Moreover, like the no-poach debate trickling through the courts, wage-fixing agreements may present the same issues concerning which antitrust standard applies in a given context. There are three possible standards—per se, rule of reason, and "quick look." Per se is a high bar, since it requires the conduct to be so egregious and antithetical to free market ideals that a categorical ban is needed—meaning, if present, an antitrust violation is immediately assumed without further inquiry into the procompetitive justifications. As such, there has been a cautionary approach to deeming business conduct per se illegal. For most else, the rule of reason applies and, like a balancing act, the decision-maker must consider the anticompetitive effects, the procompetitive justifications, and the alternatives to the latter. "Quick look" is a less rigorous version of the rule of reason analysis. Rarely relied on, "quick look" is reserved for situations where an observer with a rudimentary understanding of economics could conclude that the conduct in question would have anticompetitive effects on the market. See California Dental Ass'n v. FTC, 526 U.S. 756 (1999).

Antirust doctrine and the agencies' Guidance make clear that "naked" restraints—that is, agreements separate from or not reasonably necessary to a larger legitimate collaboration between the employers—are per se illegal. An agreement is more likely to be seen as a per se violation when it is between horizontal competitors, or those who compete at the same level. But things get hairy when considering vertical agreements between firms at different levels of production or service. As evidenced in the no-poach debate, complex arrangements—like those in the intrafranchise context—may have horizontal and vertical components that make it difficult to determine which standard should apply.

Takeaways. The landscape surrounding alleged wage-fix conspiracies and unlawful information exchanges is complex. The evidentiary burden of establishing a conspiracy occurred is high, with or without a smoking gun. Courts must consider the actual relationship between employers to discern if they have a legitimate business reason to standardize wages and share information. Employers should monitor these cases to make sure their information exchange practices don't run afoul of the antitrust laws.

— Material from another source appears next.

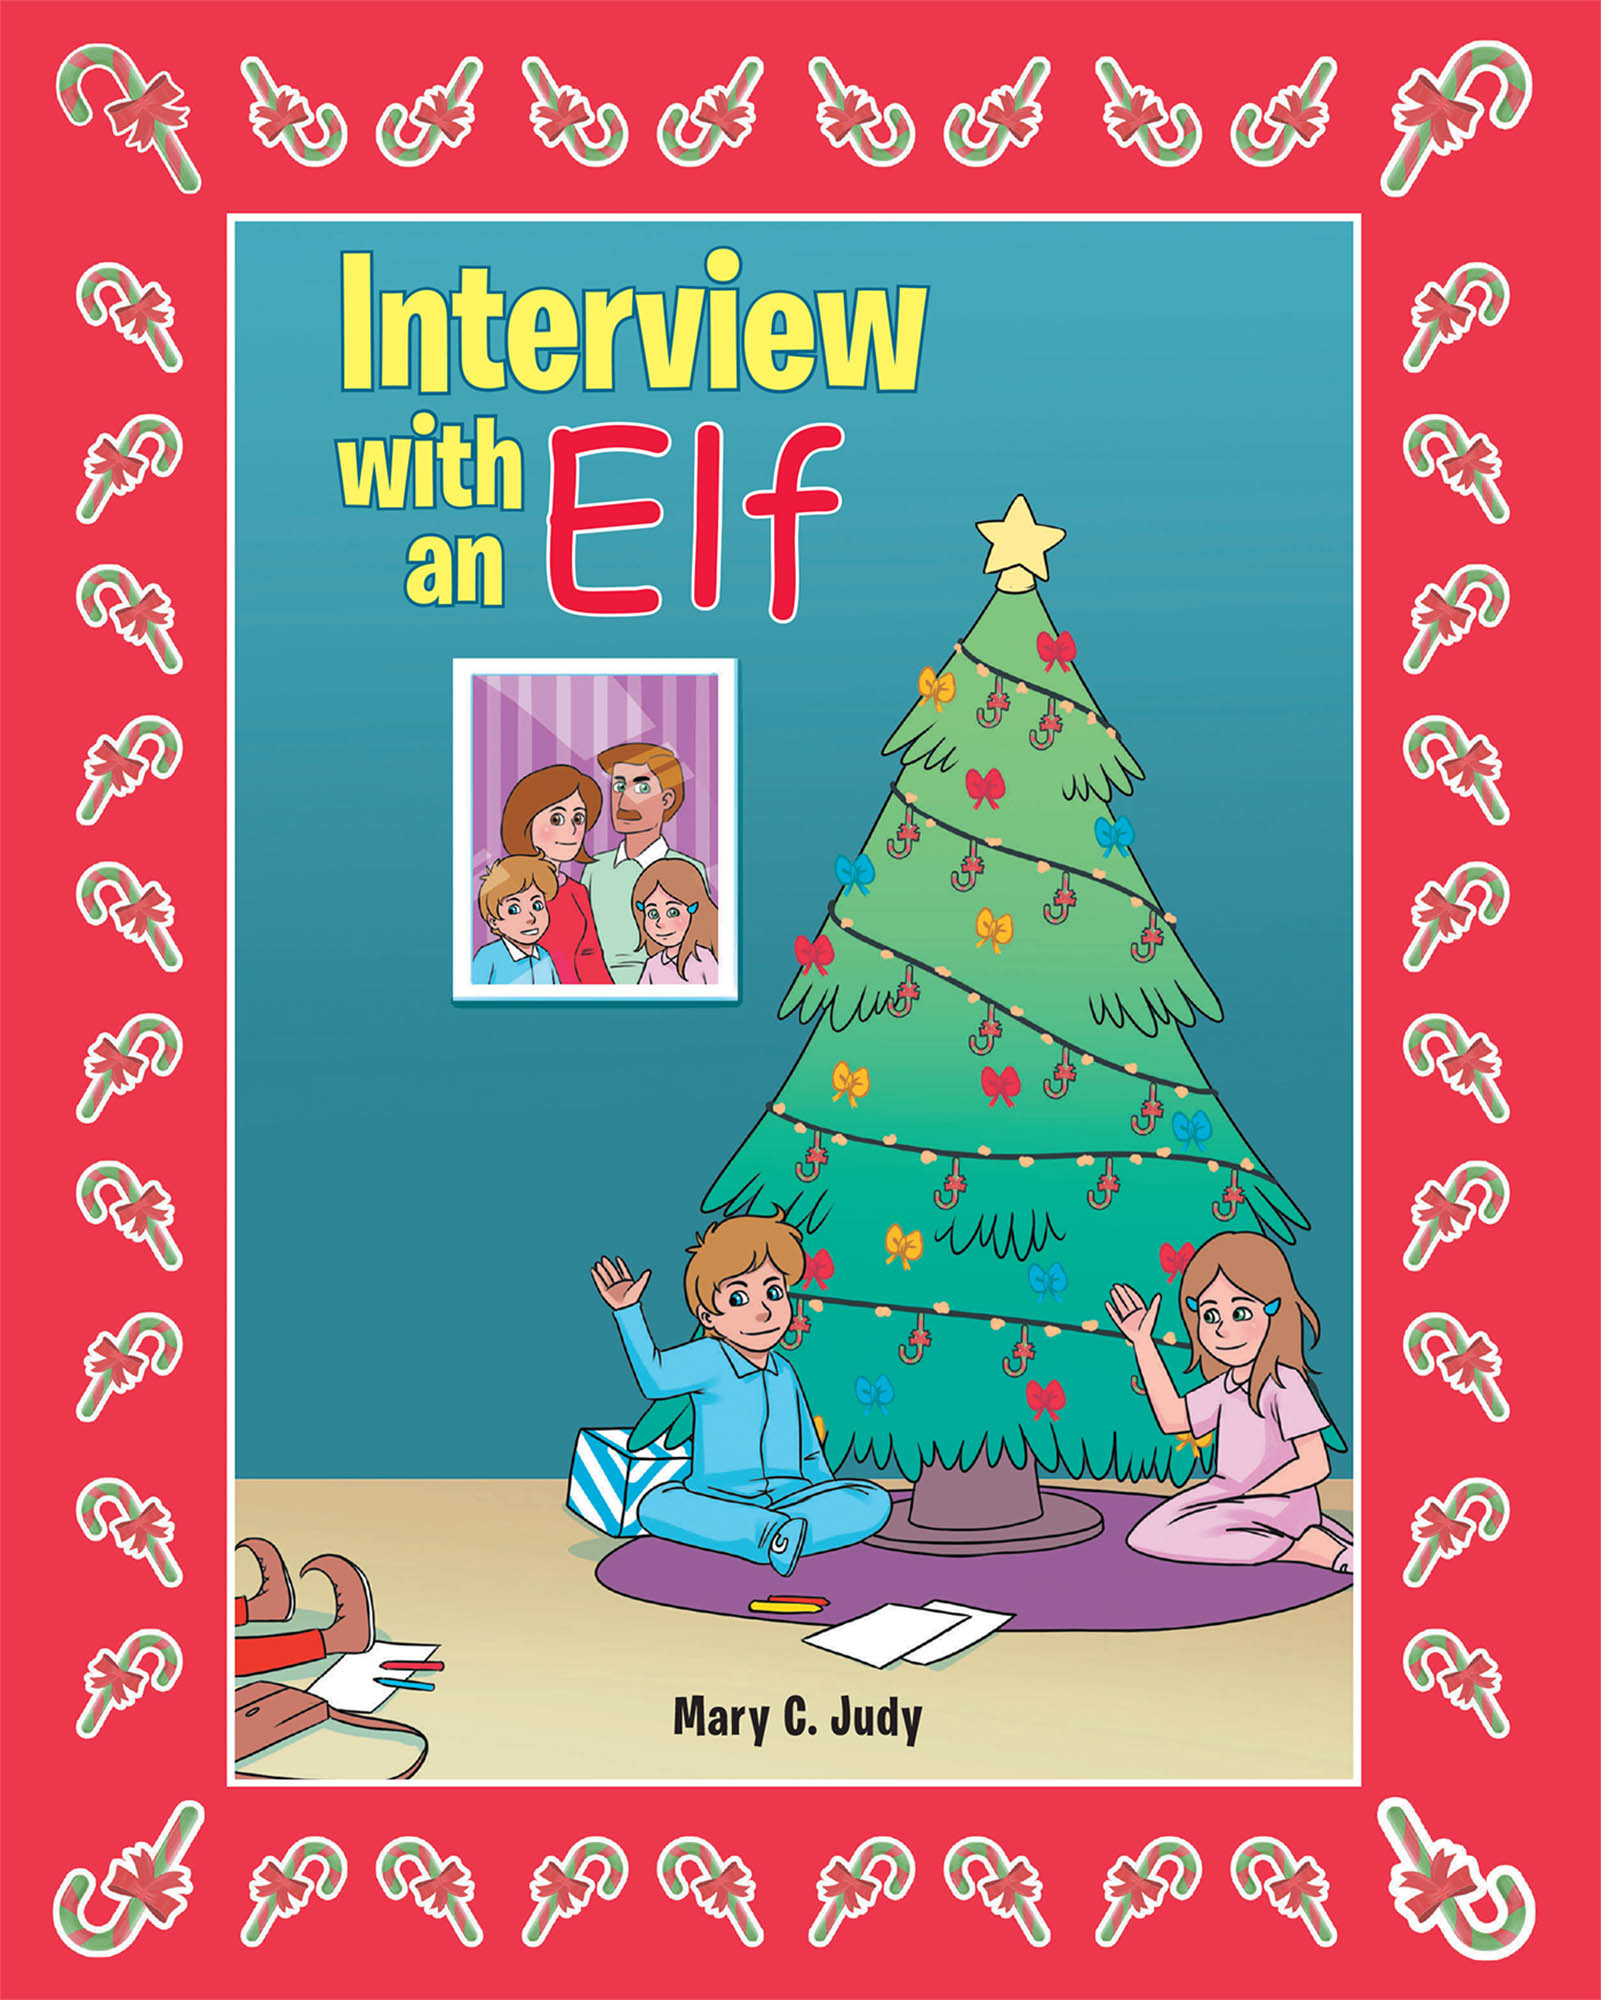 Mary C Judy S New Book Interview With An Elf Is A Tale About A Christmas Elf S Journey To Fulfill His Lifelong Dream Of Interviewing Children Newswire

Employers can also follow these basic tips: Publicly-available or old ("competitively stale") employee-specific information is not competitively sensitive and generally can be shared without restriction; non-public employee data should only be shared to the extent necessary (e.g., limited to executives) and only at the time that it becomes necessary to do so; if possible, use a neutral third party to manage the exchange and review of employee data; and to the extent it still meets the legitimate business need, employee data should be aggregated or anonymized prior to sharing.

When in doubt, employers should consult with antitrust counsel and set up internal protocols to avoid unlawfully sharing information about employee compensation and benefits.

Karen Hoffman Lent and Kenneth Schwartz are partners at Skadden, Arps, Slate, Meagher & Flom. Adabelle U. Ekechukwu, an associate at the firm, assisted in the preparation of this column.